Security issue.
Security issue.
- Subject: Security issue.
- From: "John C. Randolph" <email@hidden>
- Date: Wed, 17 Oct 2001 07:20:19 -0700
On Wednesday, October 17, 2001, at 06:38 AM, MacSuites wrote:
On Wednesday, October 17, 2001, at 08:58 AM, John C. Randolph wrote:
On Wednesday, October 17, 2001, at 05:27 AM, James Bredijk wrote:
Login as a guest user
Launch Terminal
Quit Terminal
Launch NetInfo Manager
Select in the Recent items menu: Terminal
You're root. (I just had a fear while writing this that the account
I used was an admin one, but I just checked and it's not an admin
account)
I have not had the possibility to check what happens if you had not
enabled the root account via NetInfo or sudo passwd root
I can confirm this. I just tried this, from admin & non-admin logins,
with root disabled in NetInfo manager - and it makes me root. D'Oh!
Strange. I'm running 10.1, and when I just tried it this bug didn't
show up.
I'm running 10.1 too. I can recreate it every time.

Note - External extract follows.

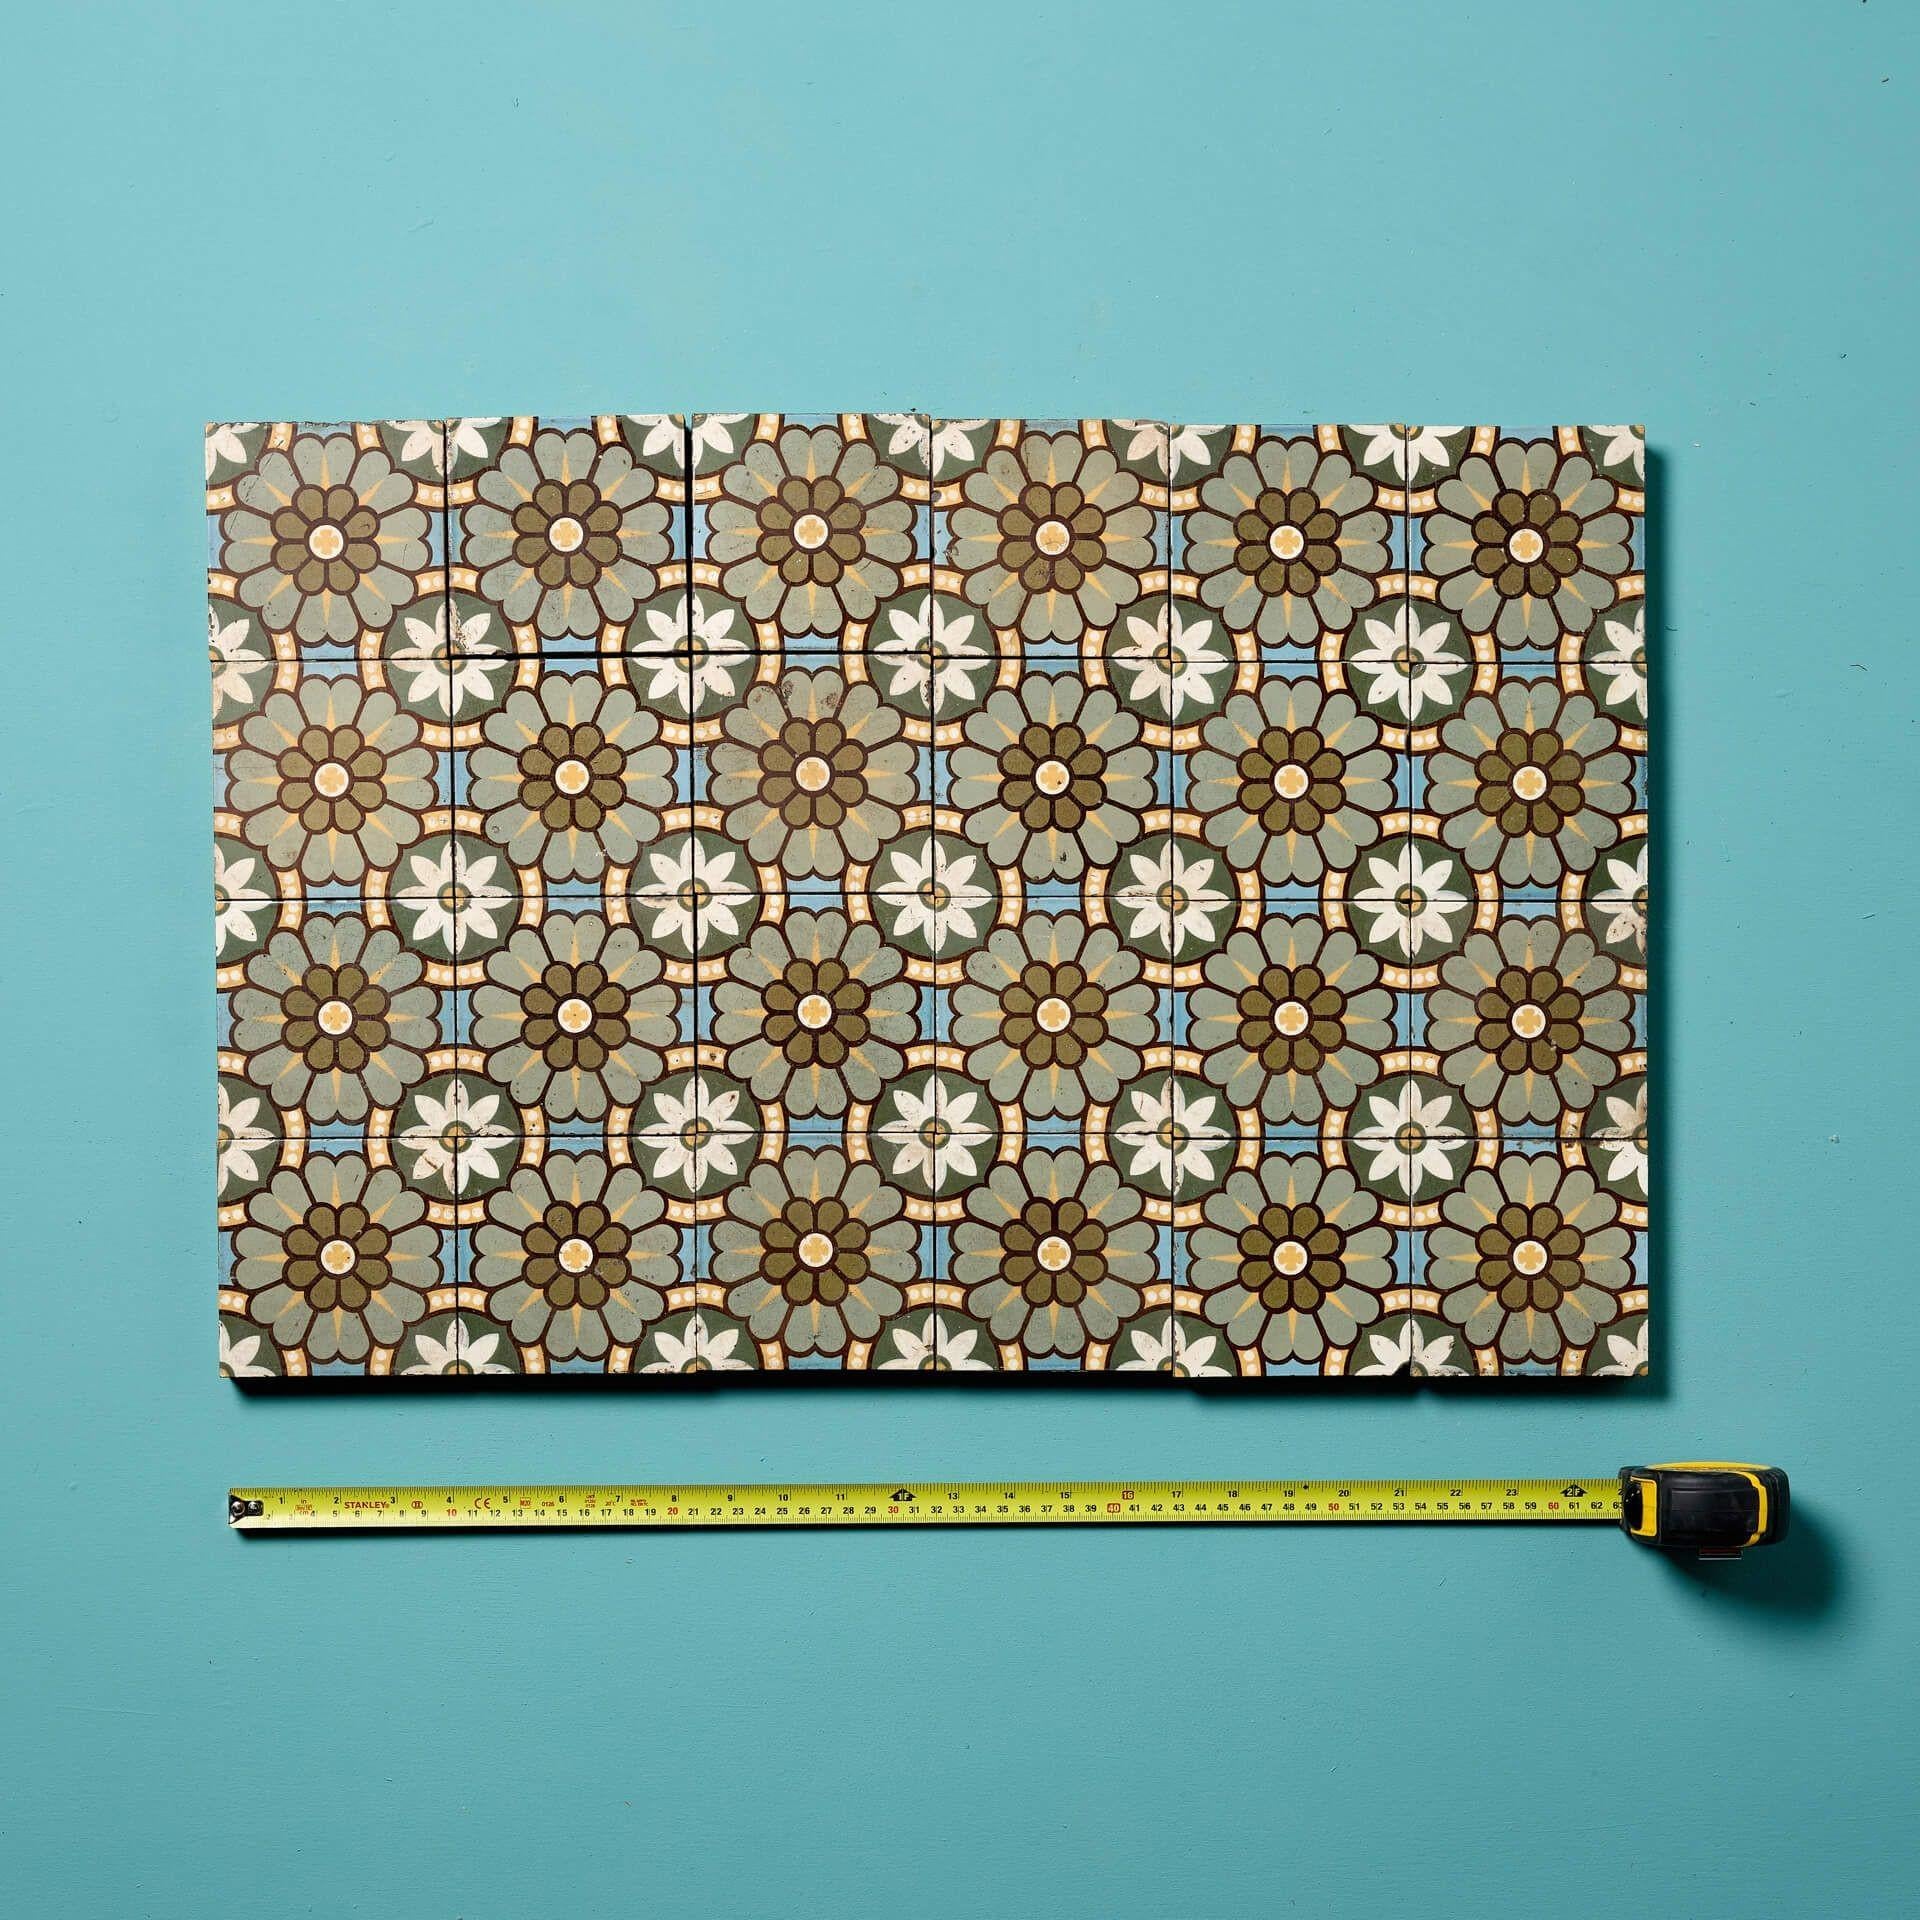 Un ensemble de 24 carreaux de sol en encaustique émaillée récupérés, représentant un motif floral, par W Godwin, Lugwardine.

Datant de la fin du XIXe siècle, ces carreaux de sol récupérés sont de style Pugin et présentent des couleurs naturelles

Holy shit! I just created a new user account, and tried it again. It
would appear that there's a rather serious vulnerability here, if an
unprivileged user can run NetInfo manager in the first place!
Who wants to submit it to bugtraq?
-jcr
"I fear all we have done is to awaken a sleeping giant and fill him with
a terrible resolve." -Admiral Isoroku Yamamoto, Dec 7, 1941.